» **What is expected**
Give a verbatim copy of the lines below, minus the pictures.

» **Data block**
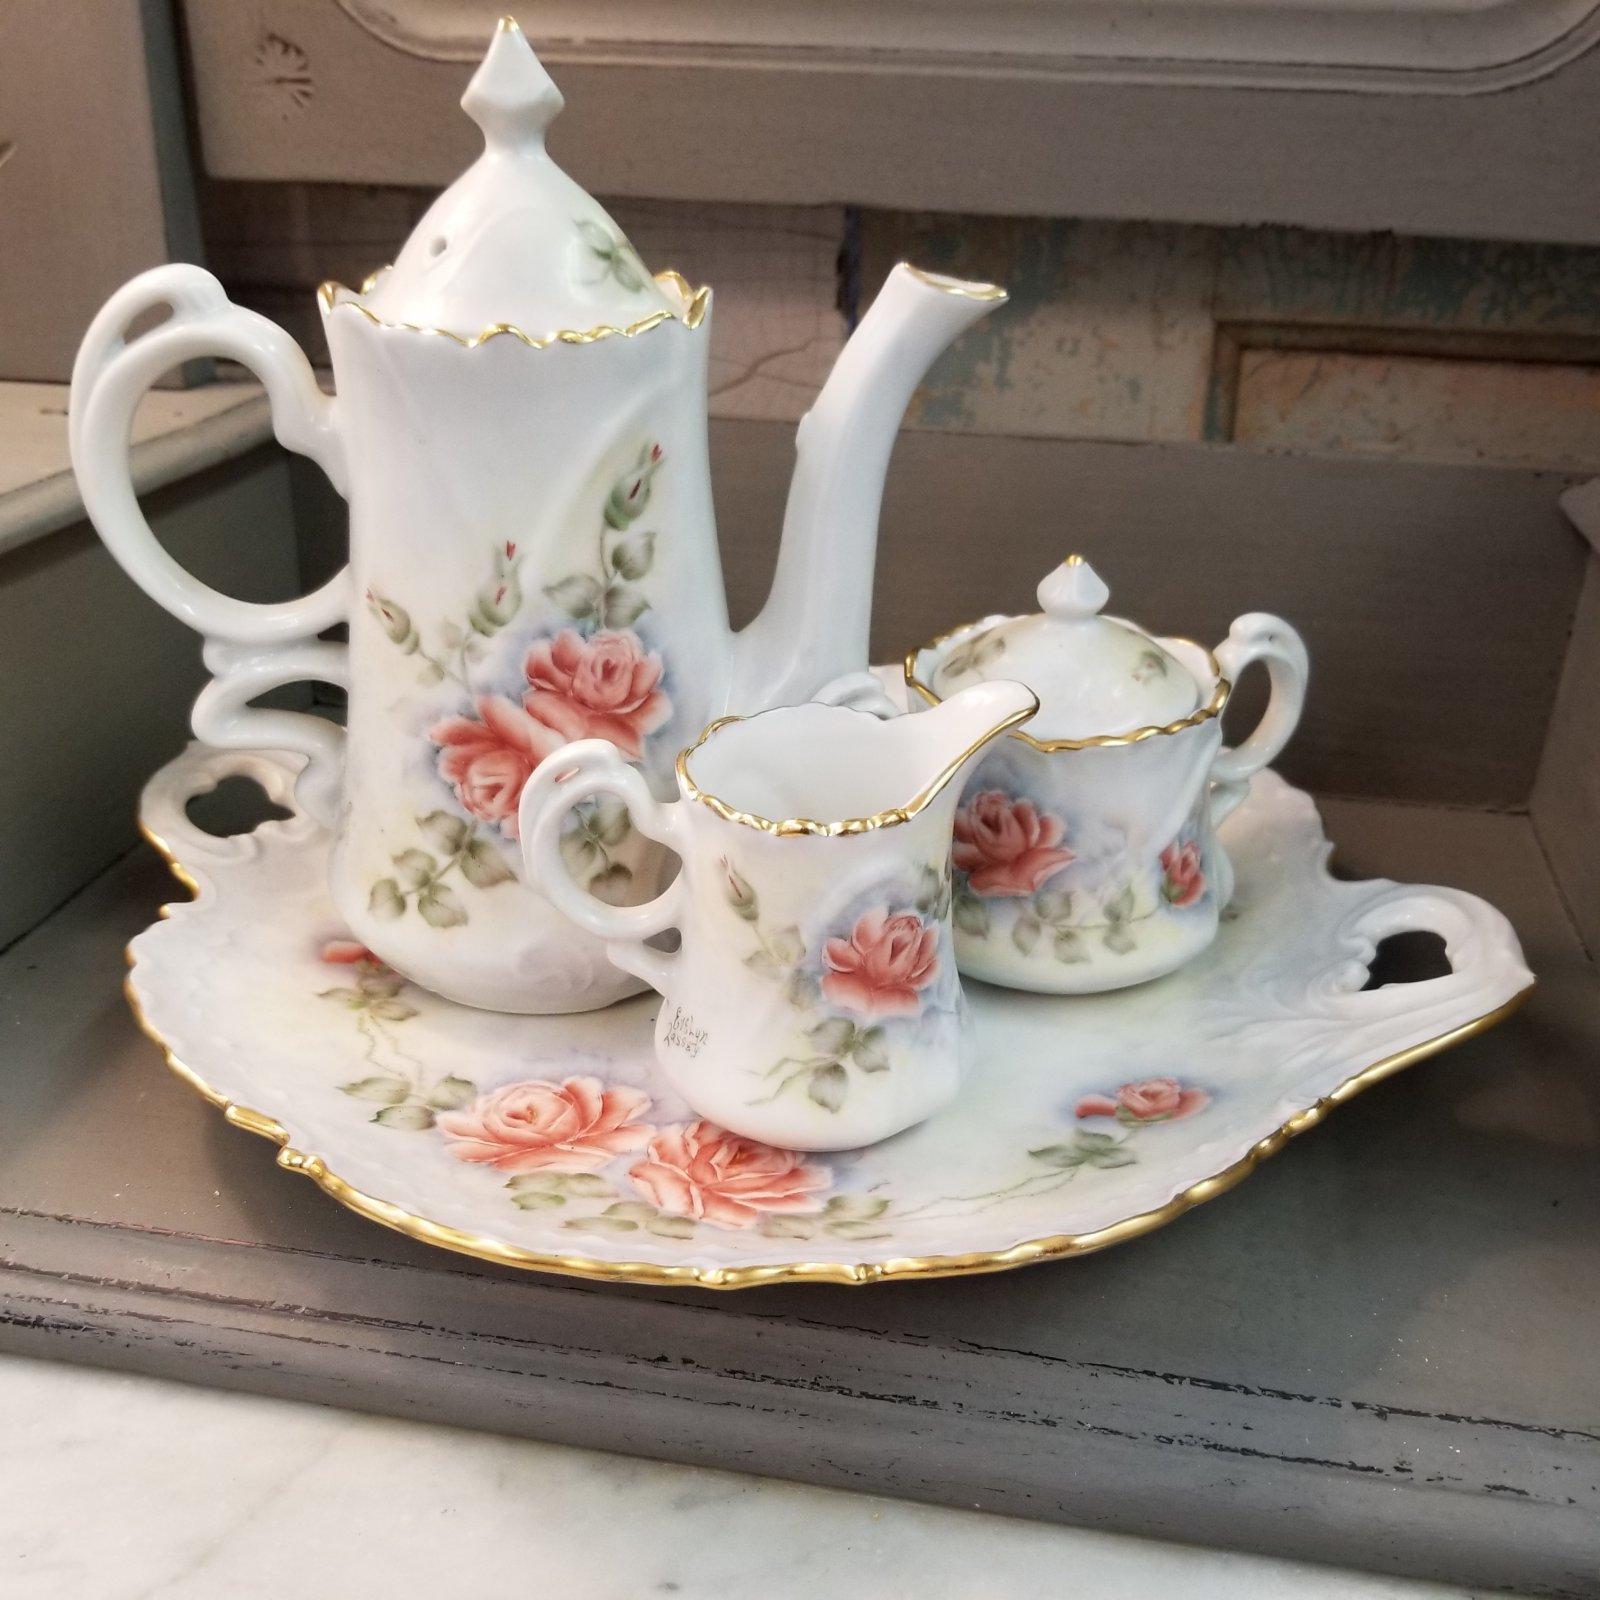 Set of 4 Hand Painted Ceramic Plate, Teapot, Creamer & Sugar
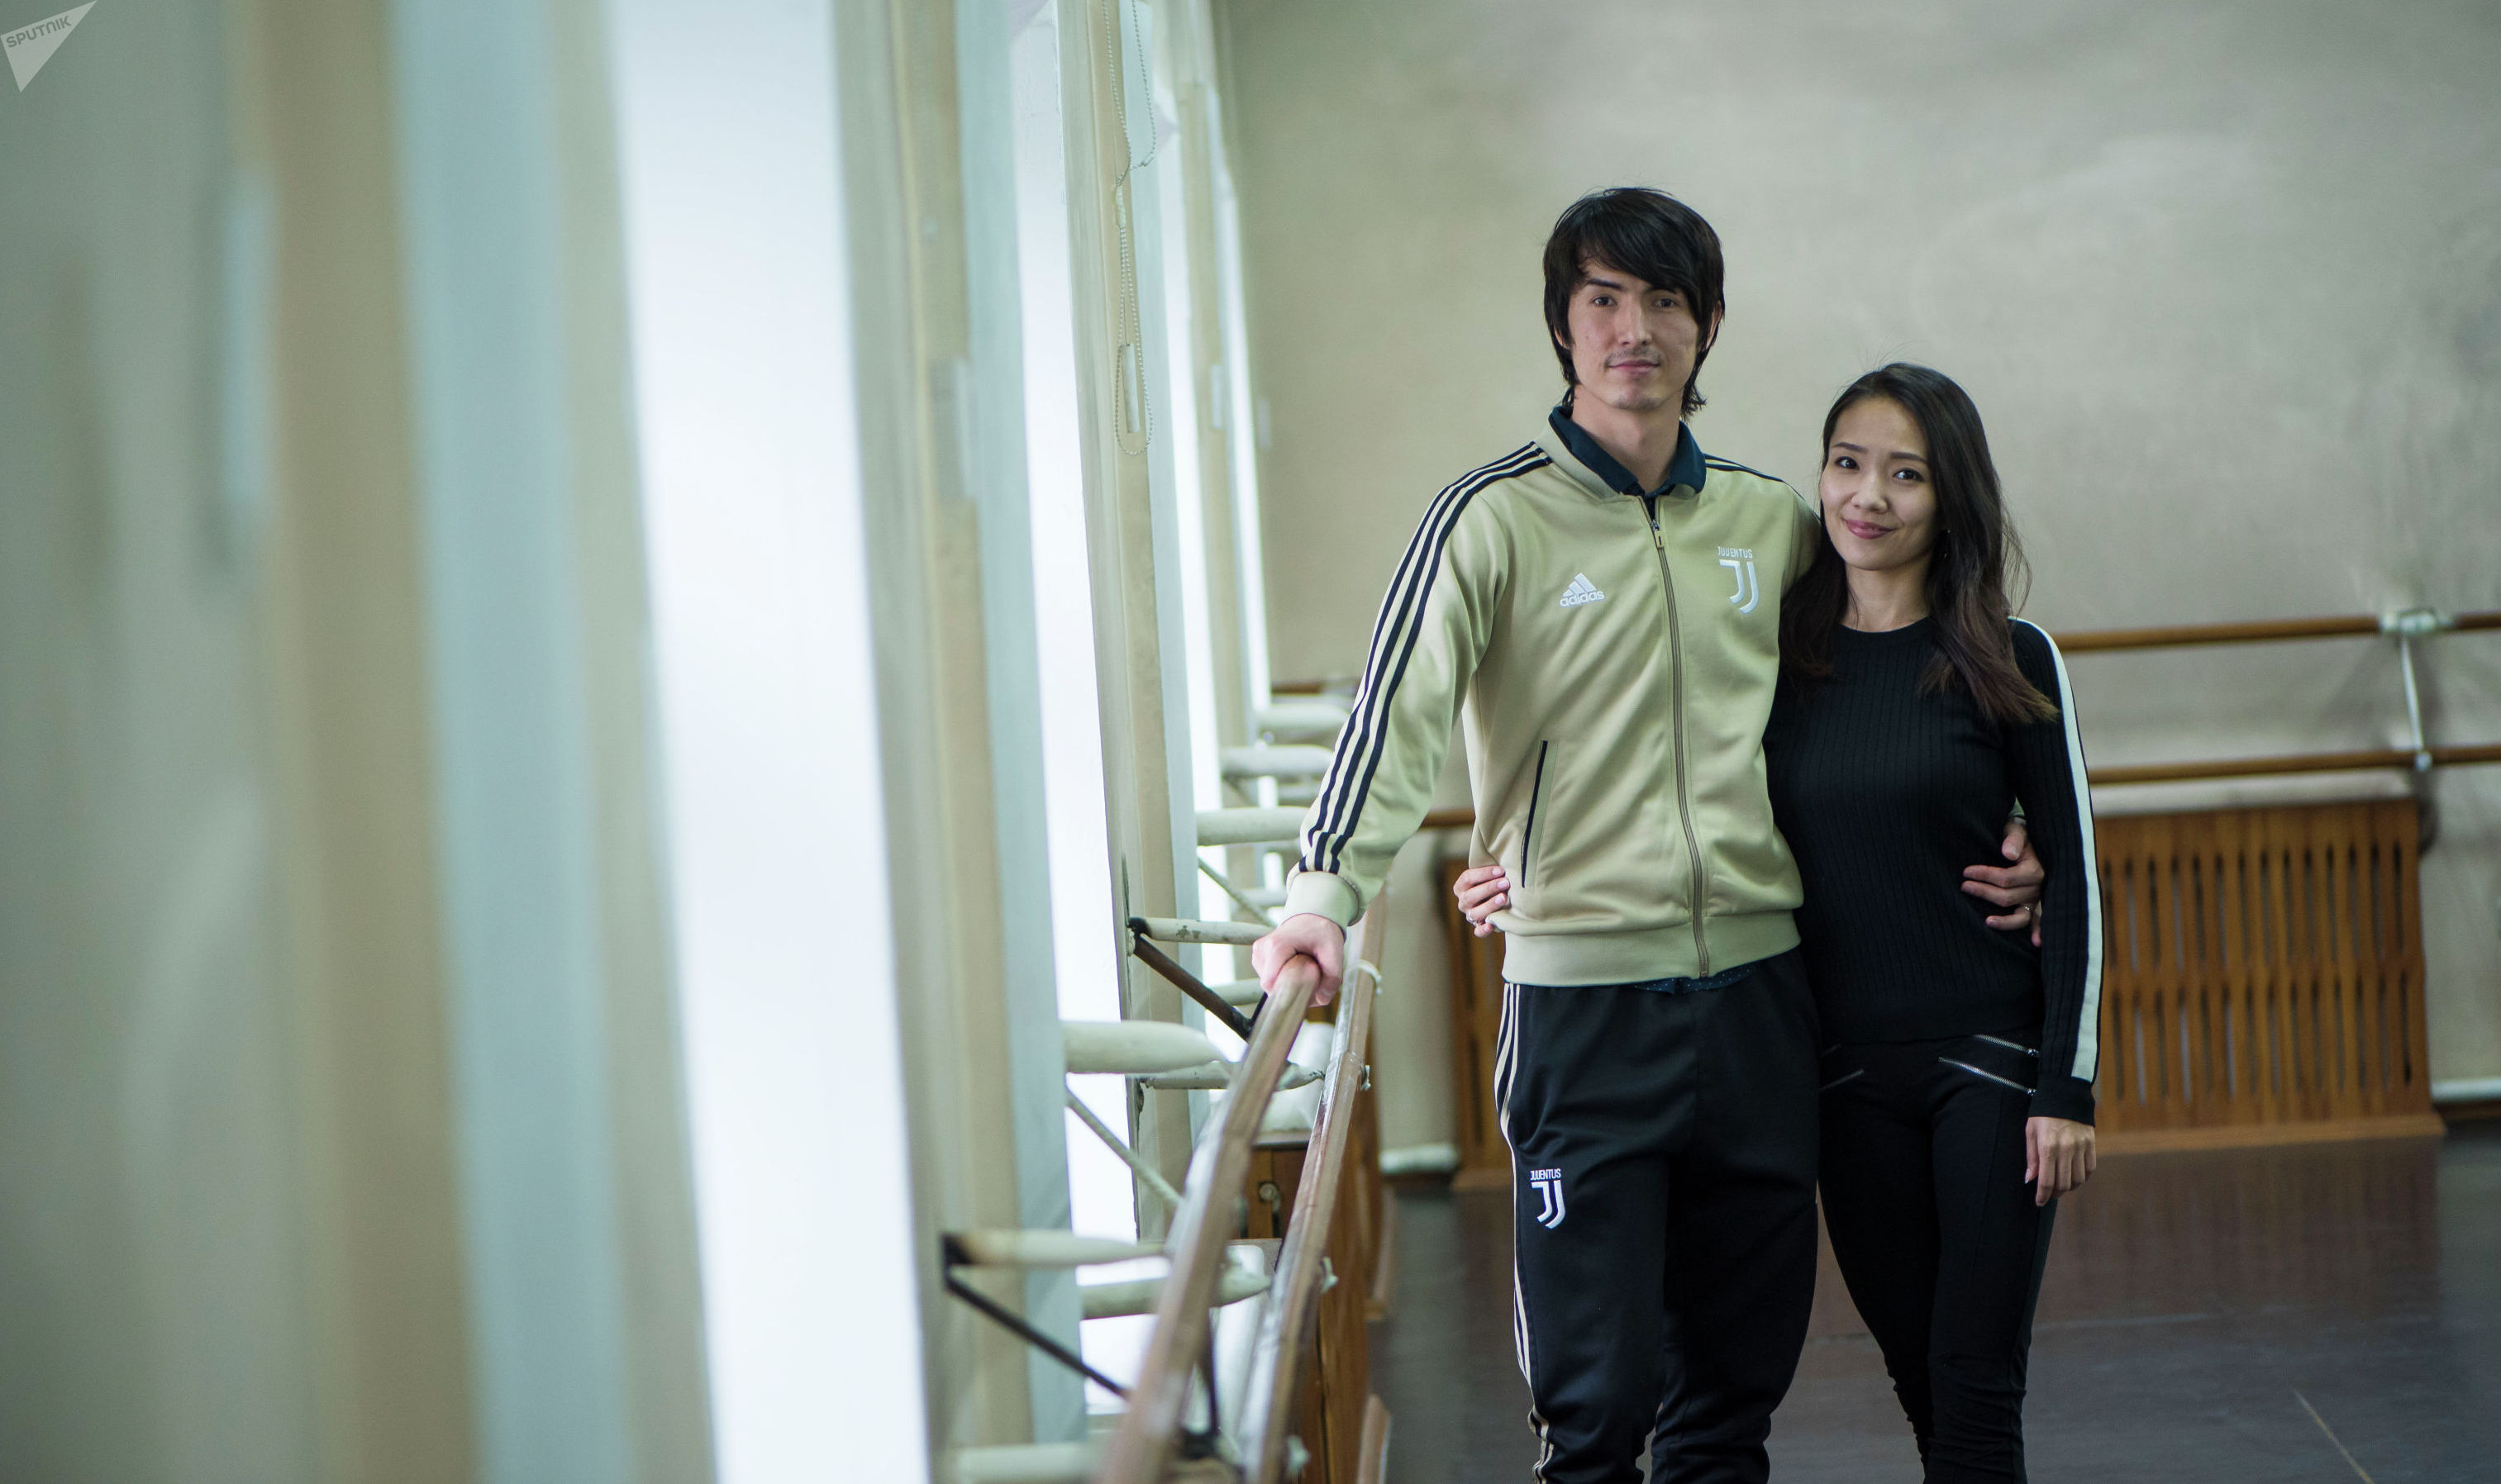 Кыргызстанец Атабек Садыркулов и японка Мэгуми Мацумото
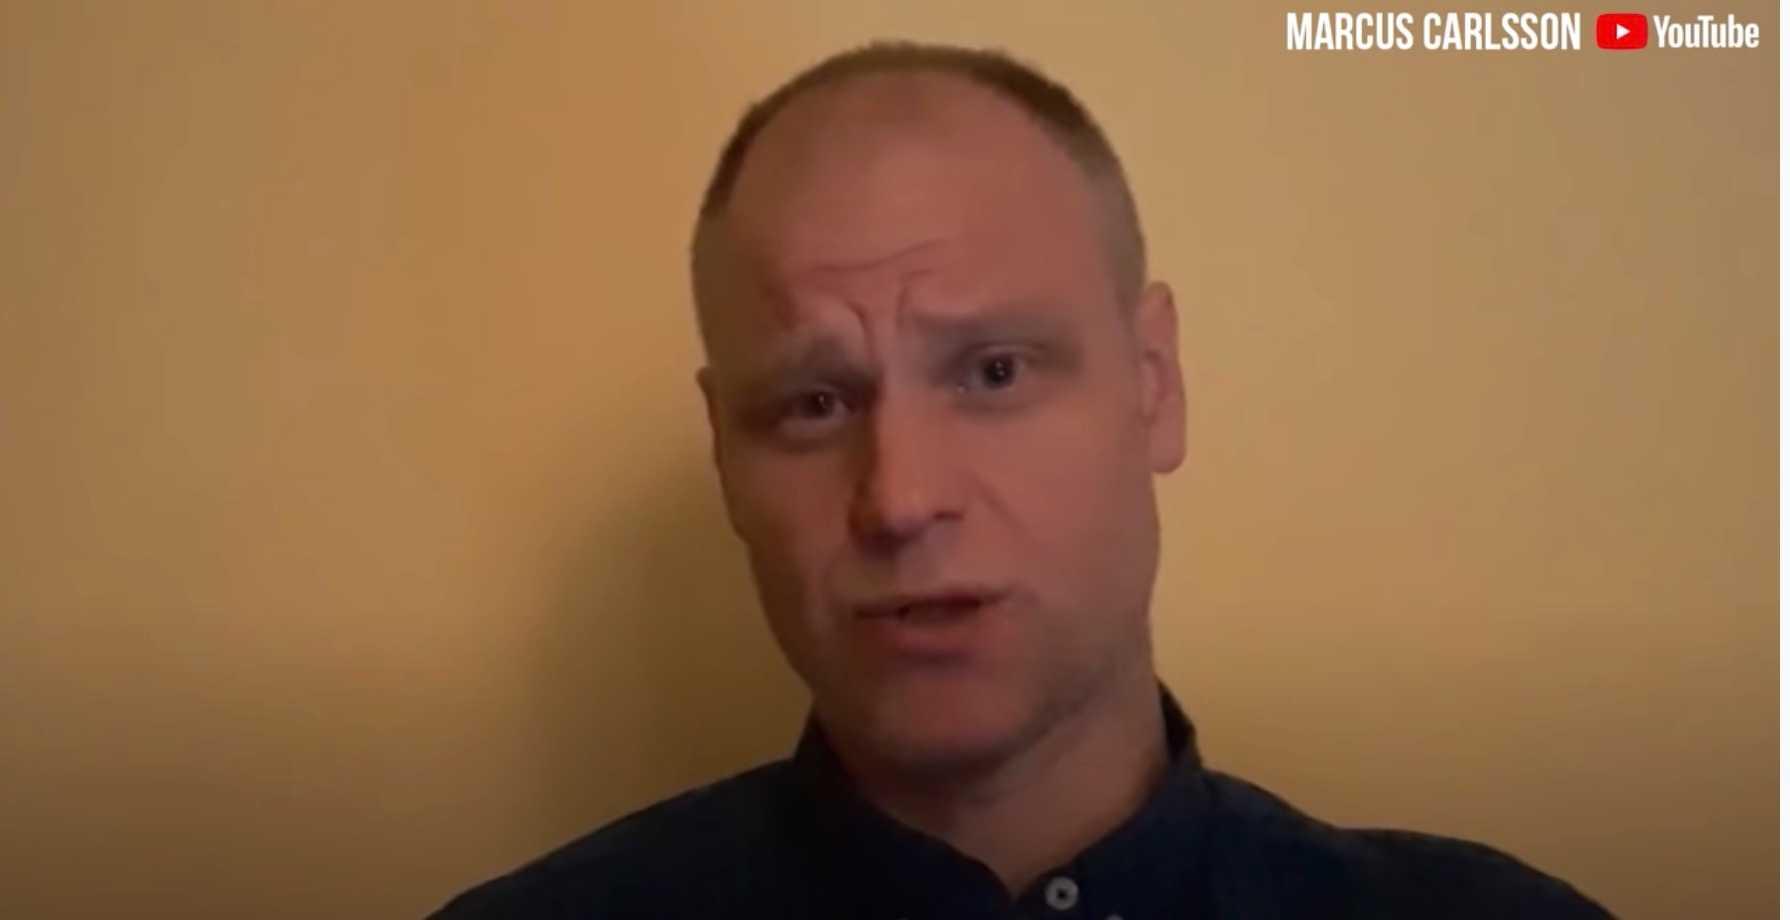 Marcus Carlsson, docent på matematikcentrum vid Lunds universitet

» **Answer box**
 Set of 4 Hand Painted Ceramic Plate, Teapot, Creamer & Sugar
 Кыргызстанец Атабек Садыркулов и японка Мэгуми Мацумото
 Marcus Carlsson, docent på matematikcentrum vid Lunds universitet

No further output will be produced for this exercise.